> **HOW TO COMPLETE THIS TASK**
Leave out the pictures, and retype the remaining data exactly.

[Data entries]
○ ○ ○ ○ ○ ○ ○

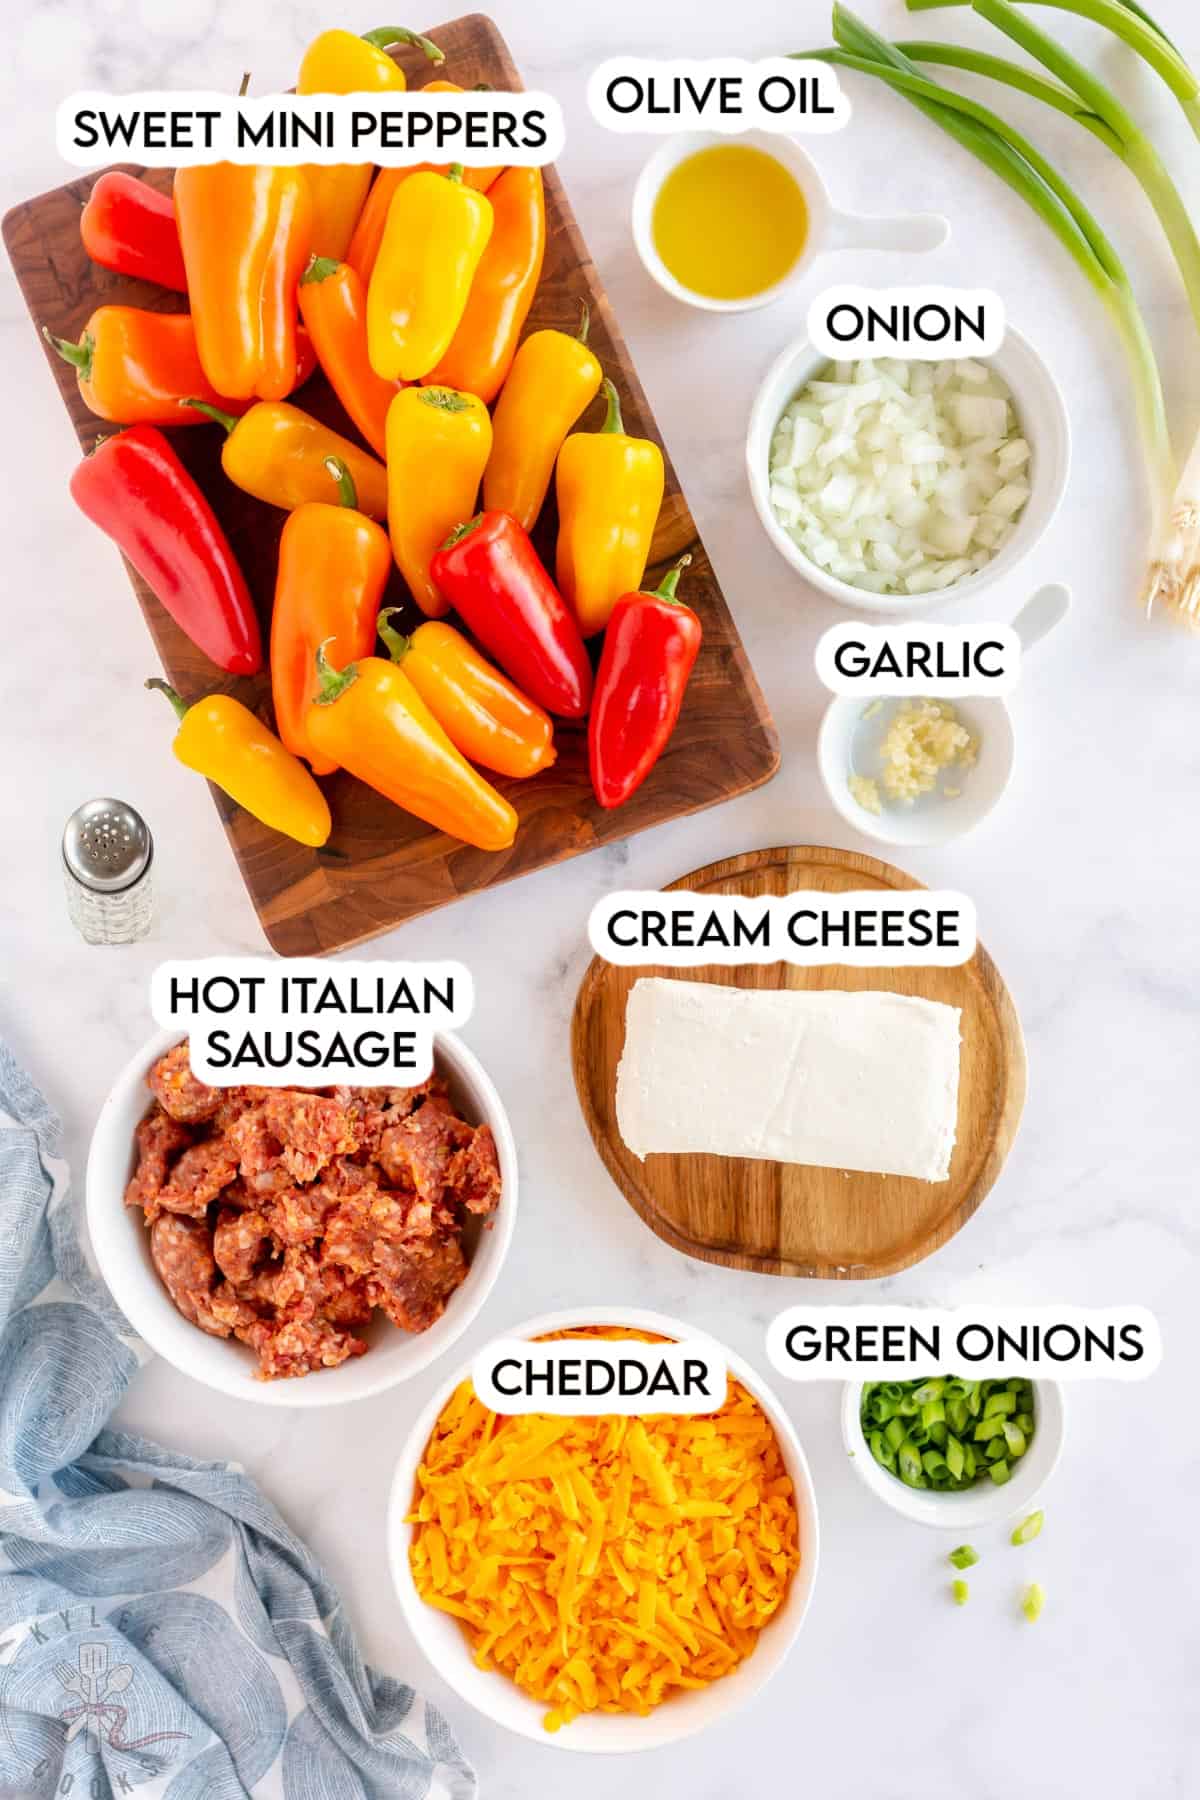 Ingredients to make stuffed mini peppers laid out and labeled
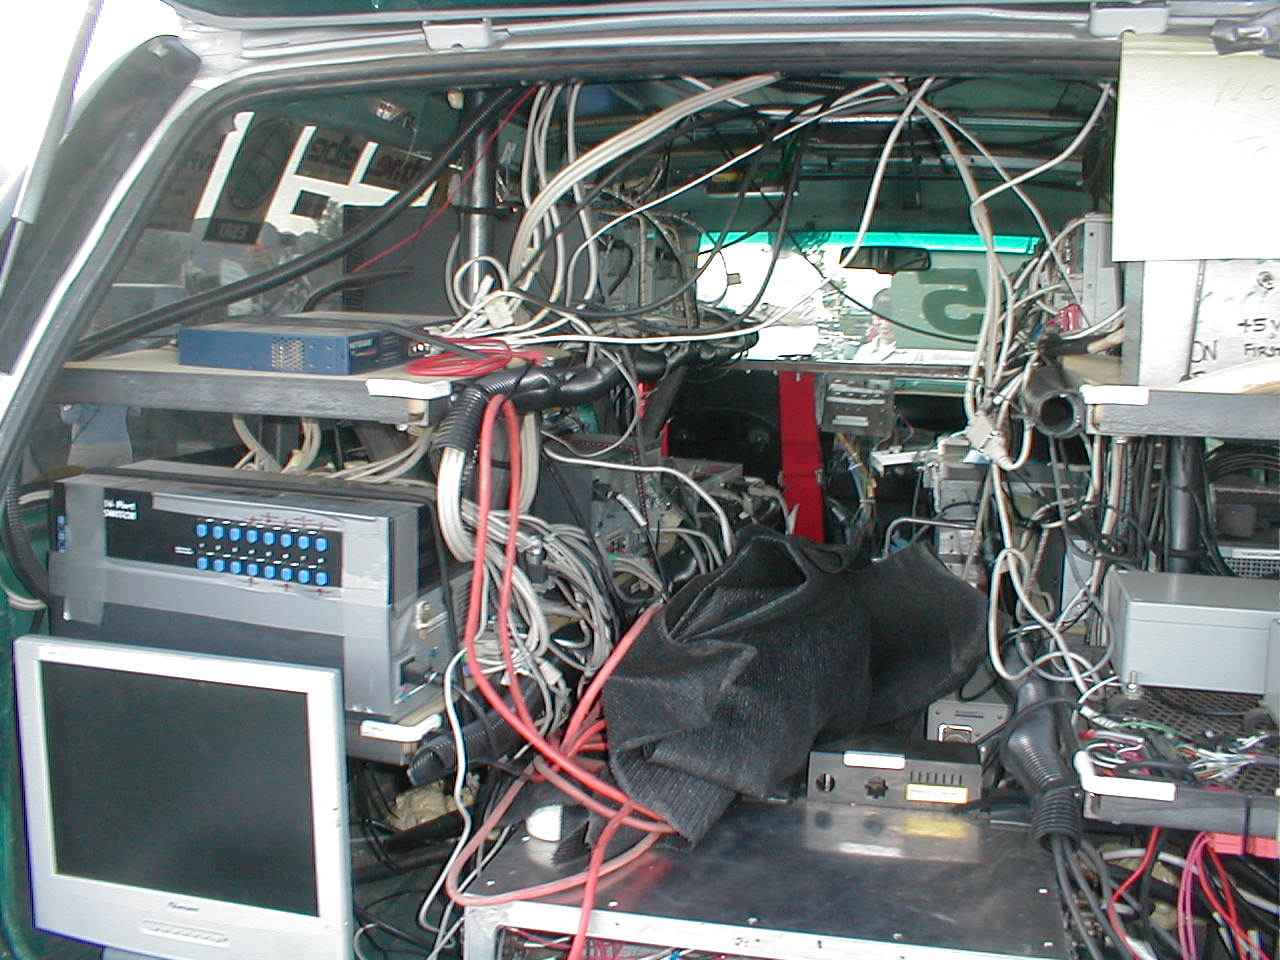 CalTech's vehicle was run by a team of personal computers, networked together
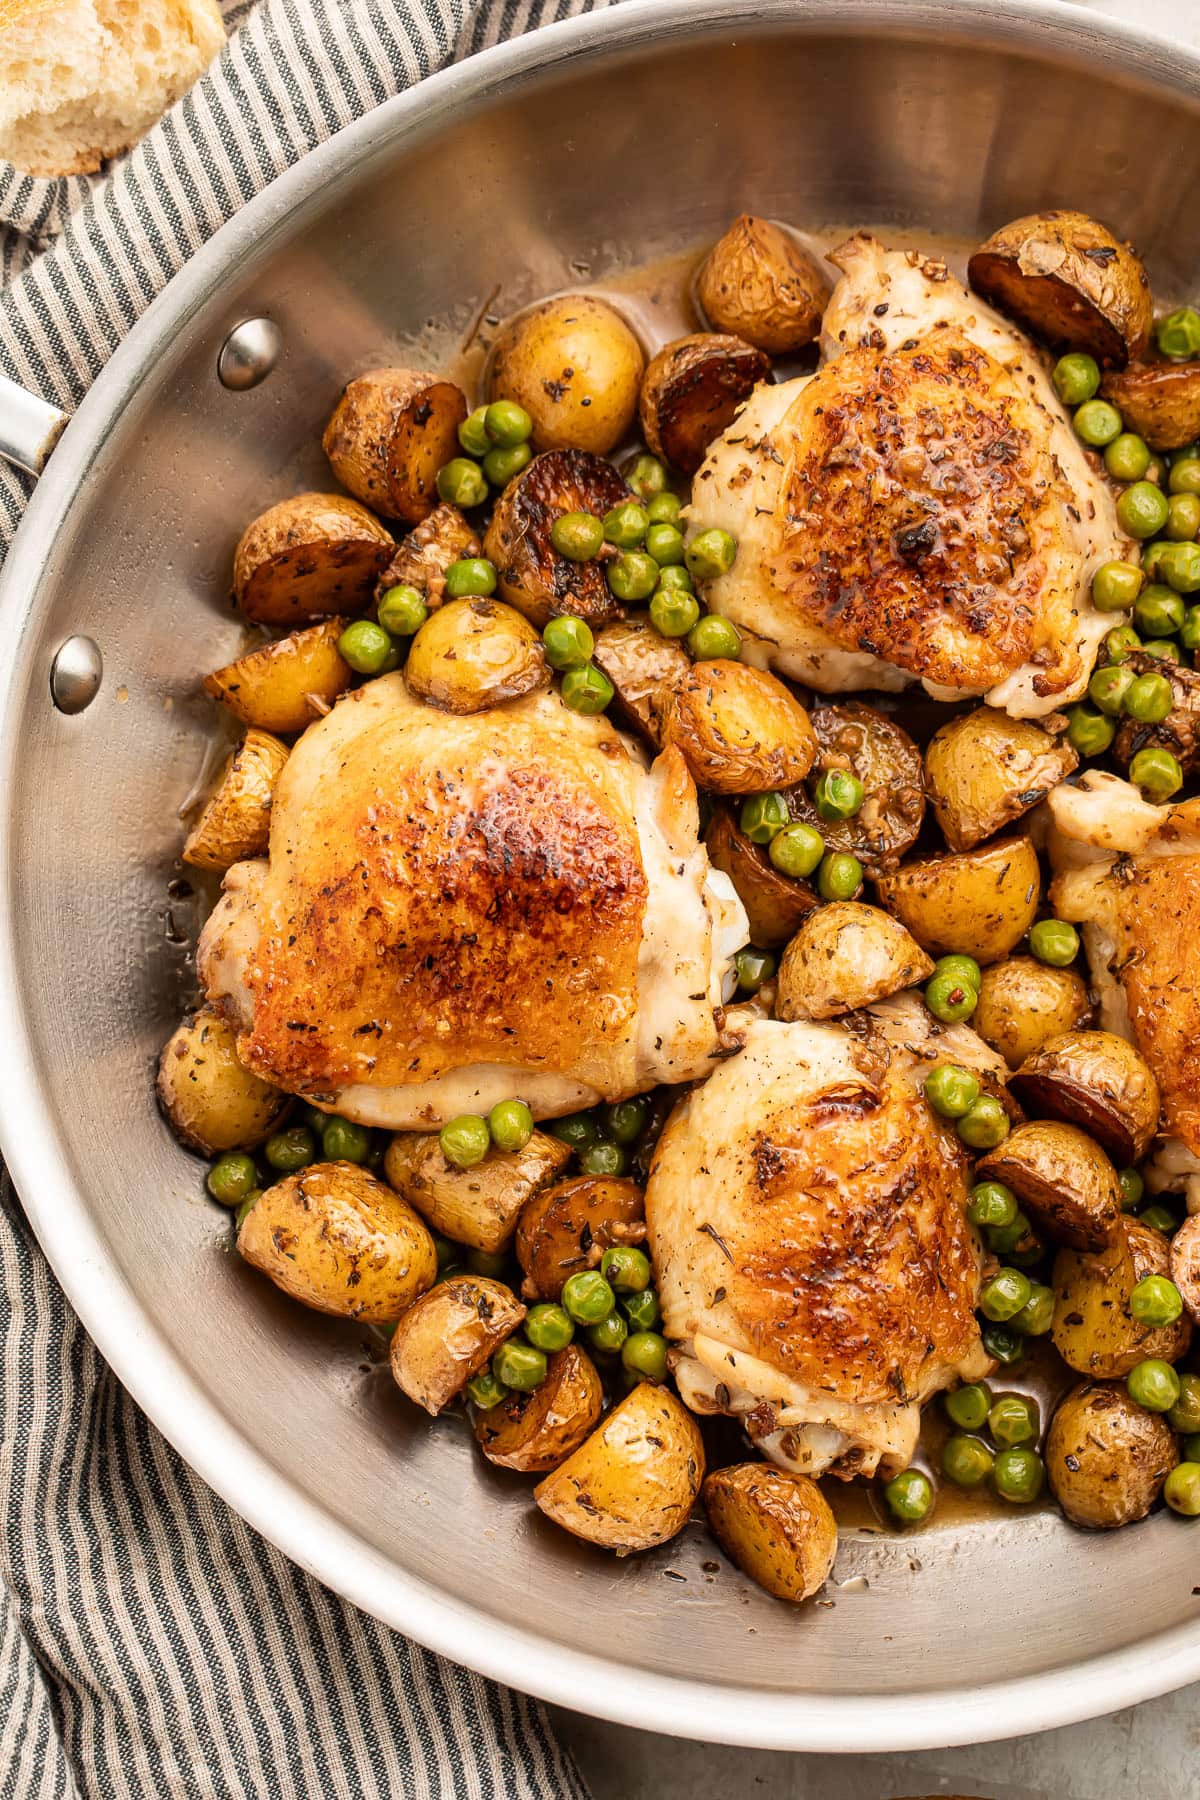 Chicken vesuvio with potatoes and peas in a large silver skillet resting on a striped kitchen towel.
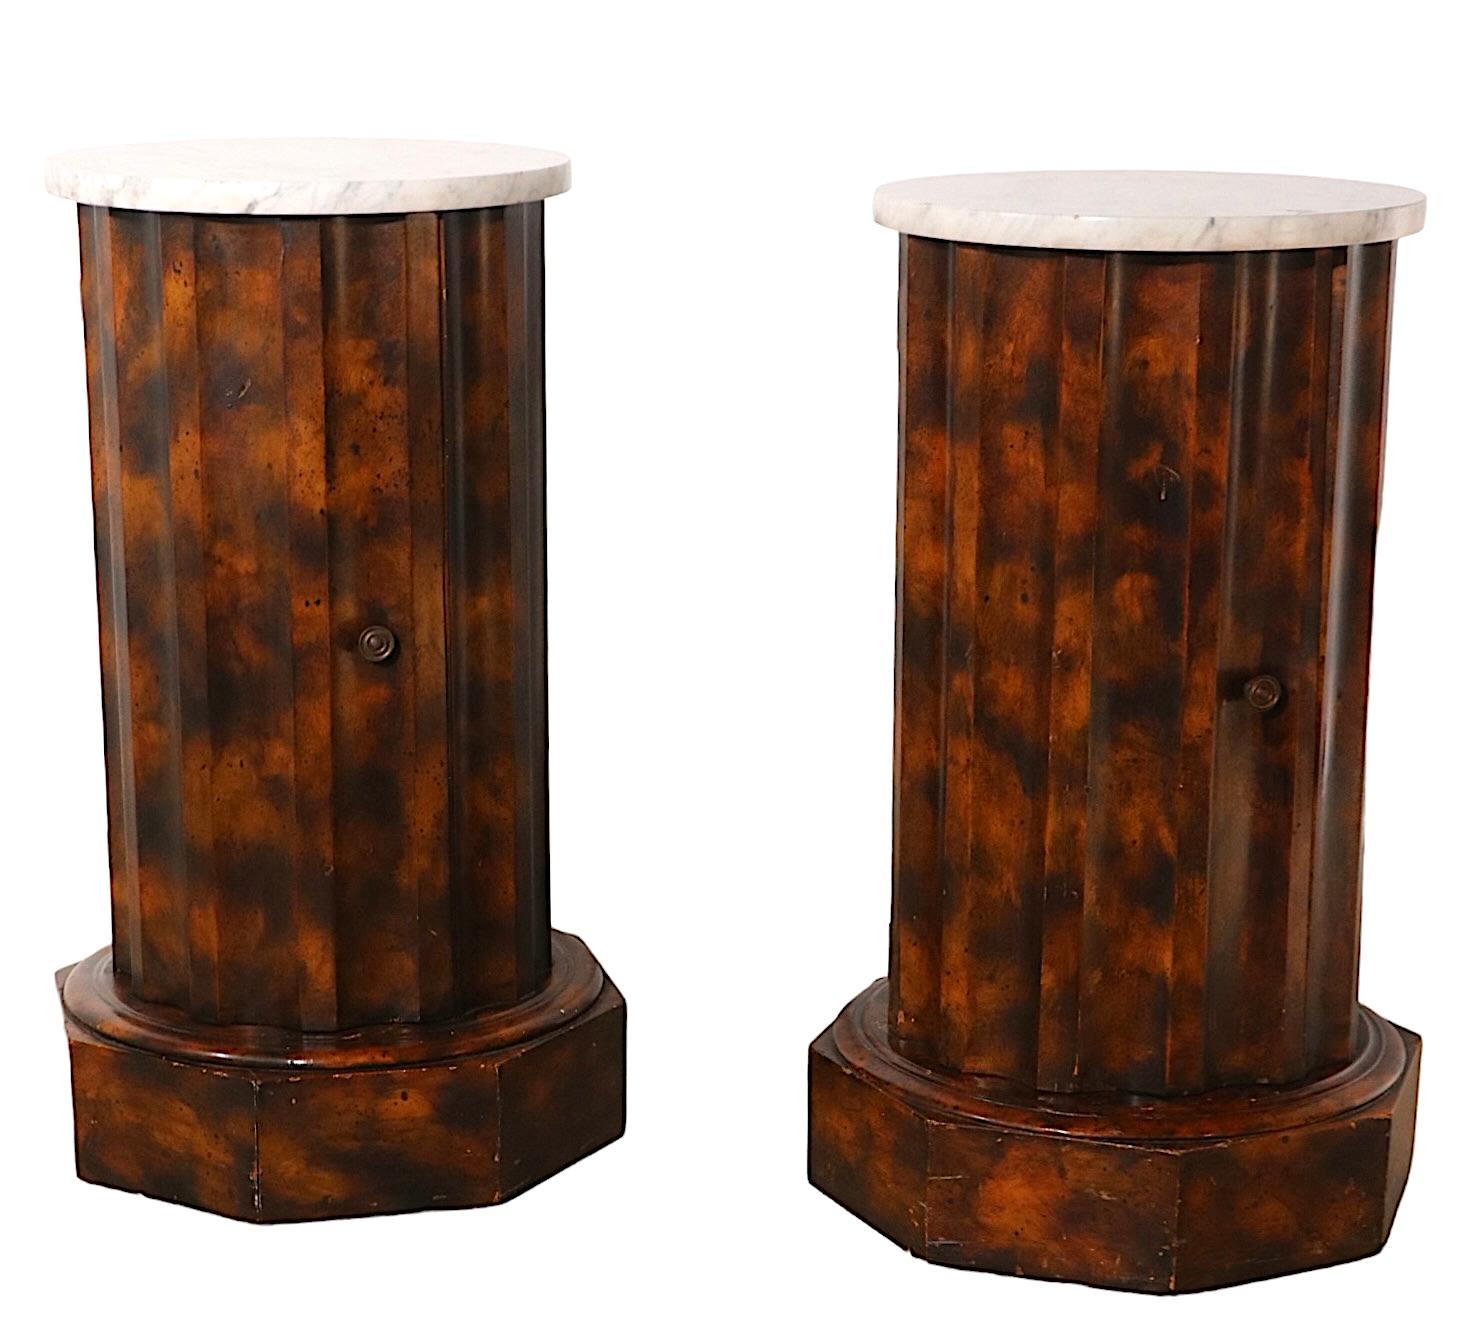 Pr. Decorative Marble Top Half Column Pedestals in Faux Tortoise Shell Finish For Sale 2
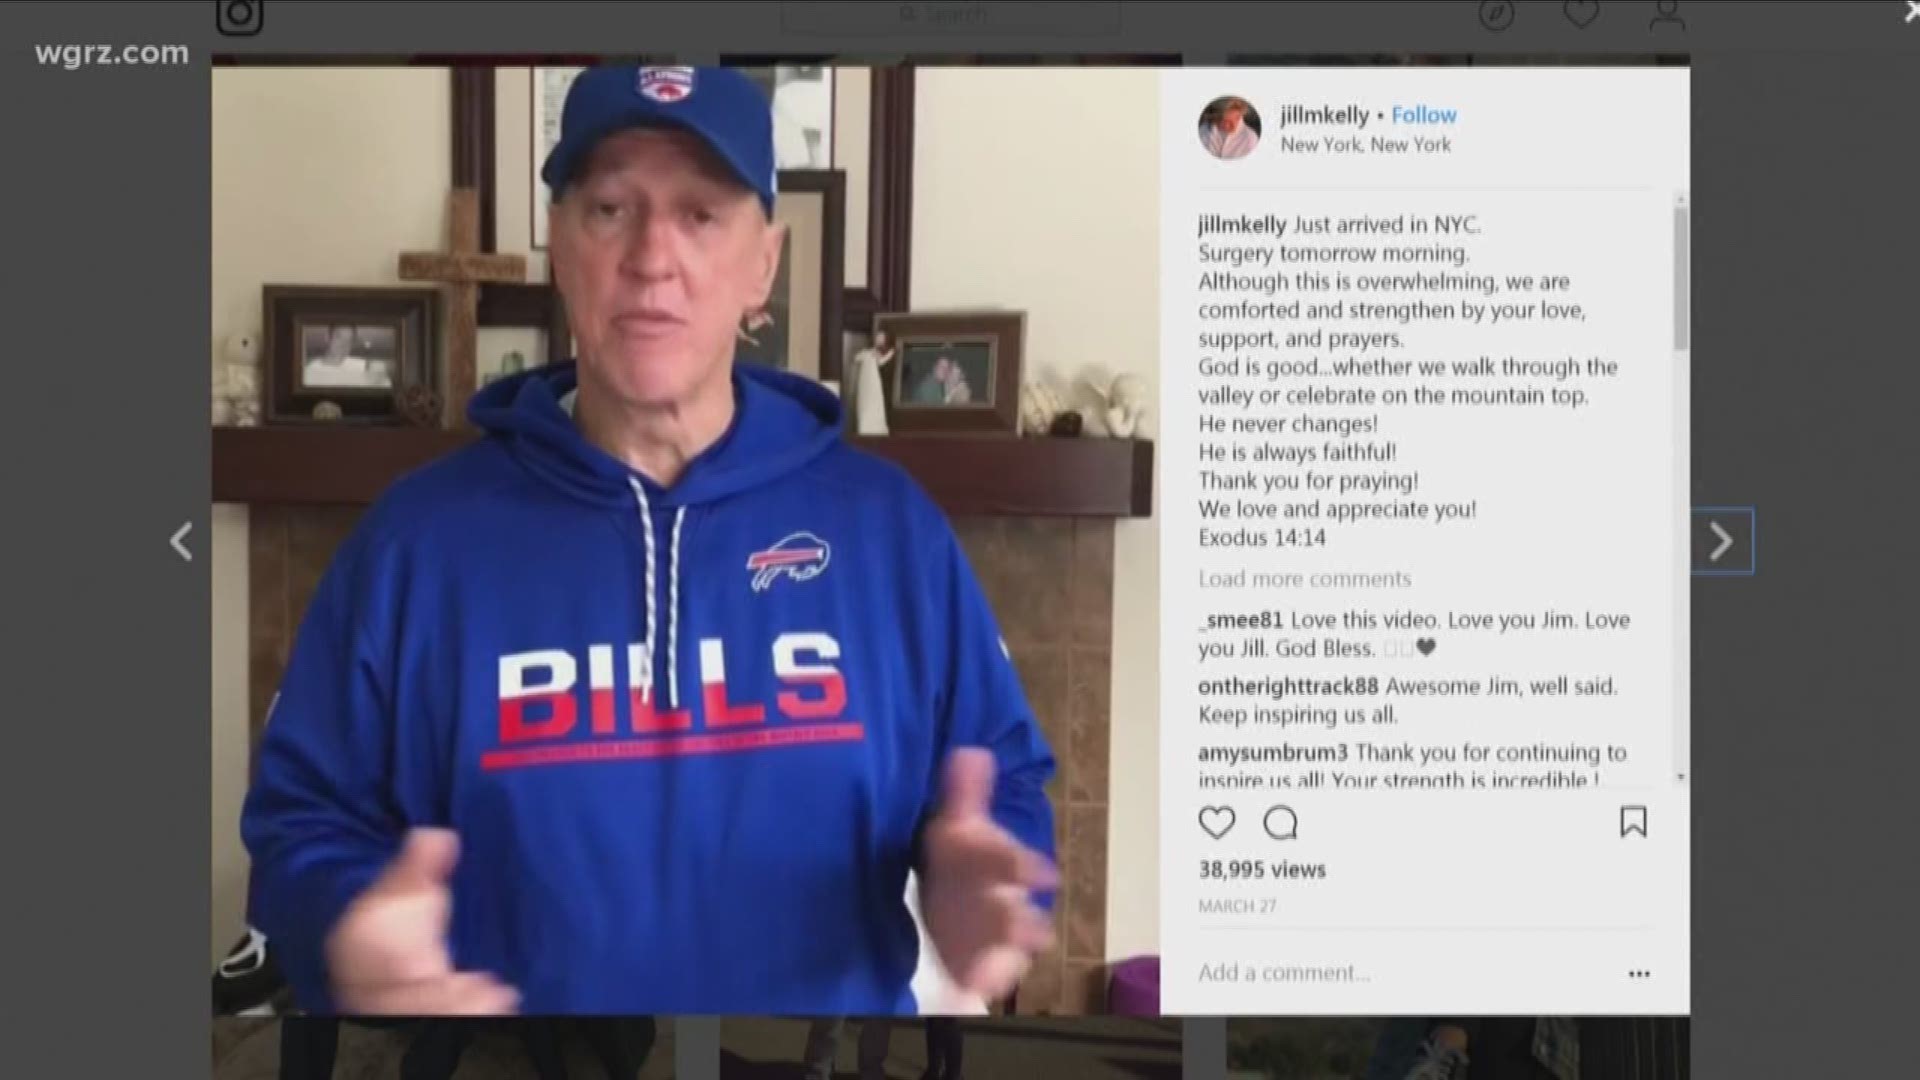 Jim Jim Kelly is set to come home from New York City Wednesday after receiving treatment for oral cancer.

○ ○ ○ ○ ○ ○ ○

> **SOLUTION**
 Ingredients to make stuffed mini peppers laid out and labeled
 CalTech's vehicle was run by a team of personal computers, networked together
 Chicken vesuvio with potatoes and peas in a large silver skillet resting on a striped kitchen towel.
 Pr. Decorative Marble Top Half Column Pedestals in Faux Tortoise Shell Finish For Sale 2
 Jim Jim Kelly is set to come home from New York City Wednesday after receiving treatment for oral cancer.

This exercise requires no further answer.